*RECORD SET*:

___

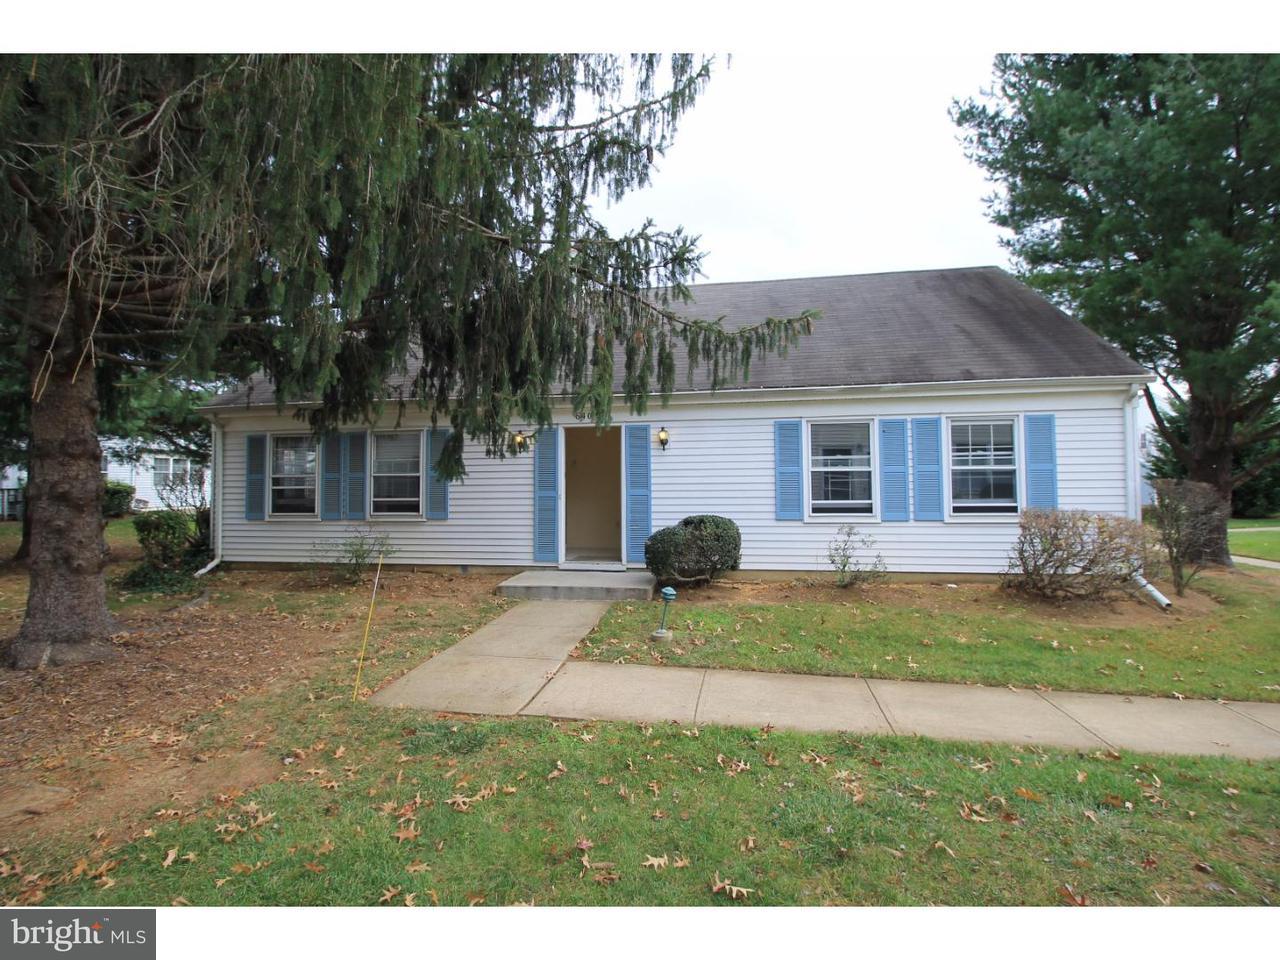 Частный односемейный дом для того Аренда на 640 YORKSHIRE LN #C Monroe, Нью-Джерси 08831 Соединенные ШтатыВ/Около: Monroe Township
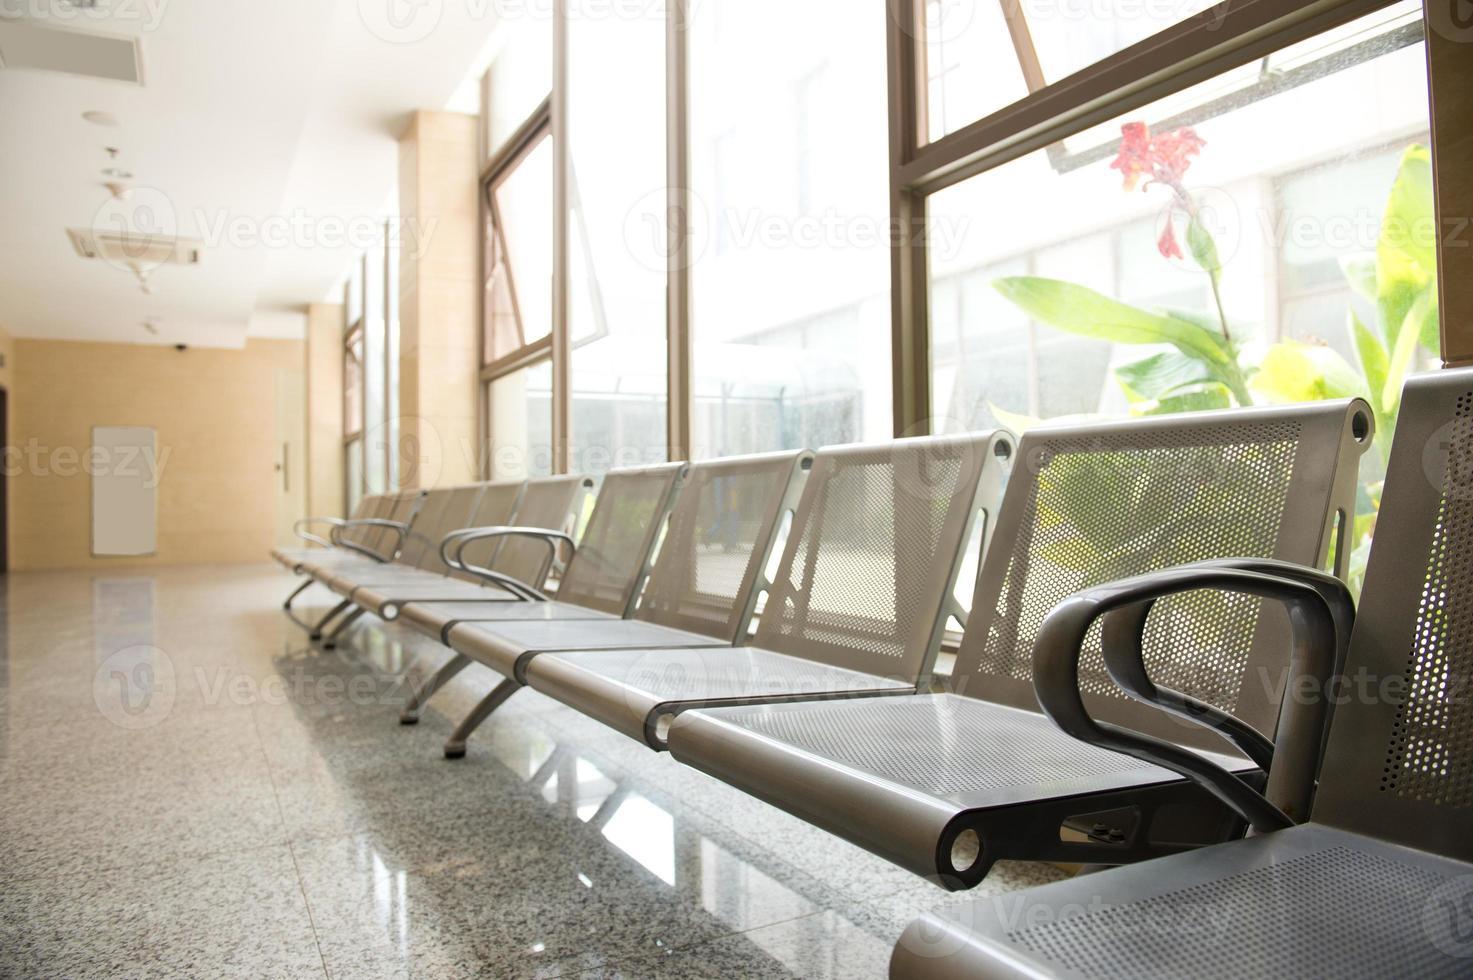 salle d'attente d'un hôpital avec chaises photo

___

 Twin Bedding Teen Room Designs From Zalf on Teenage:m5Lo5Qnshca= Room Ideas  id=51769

___

*WORK TASK*: Look above for the line with "Частный односемейный дом" and the line with "salle d'attente d'un", then copy them and all lines in between exactly as written, and only those, without any pictures.

*TASK SOLUTION*:
 Частный односемейный дом для того Аренда на 640 YORKSHIRE LN #C Monroe, Нью-Джерси 08831 Соединенные ШтатыВ/Около: Monroe Township
 salle d'attente d'un hôpital avec chaises photo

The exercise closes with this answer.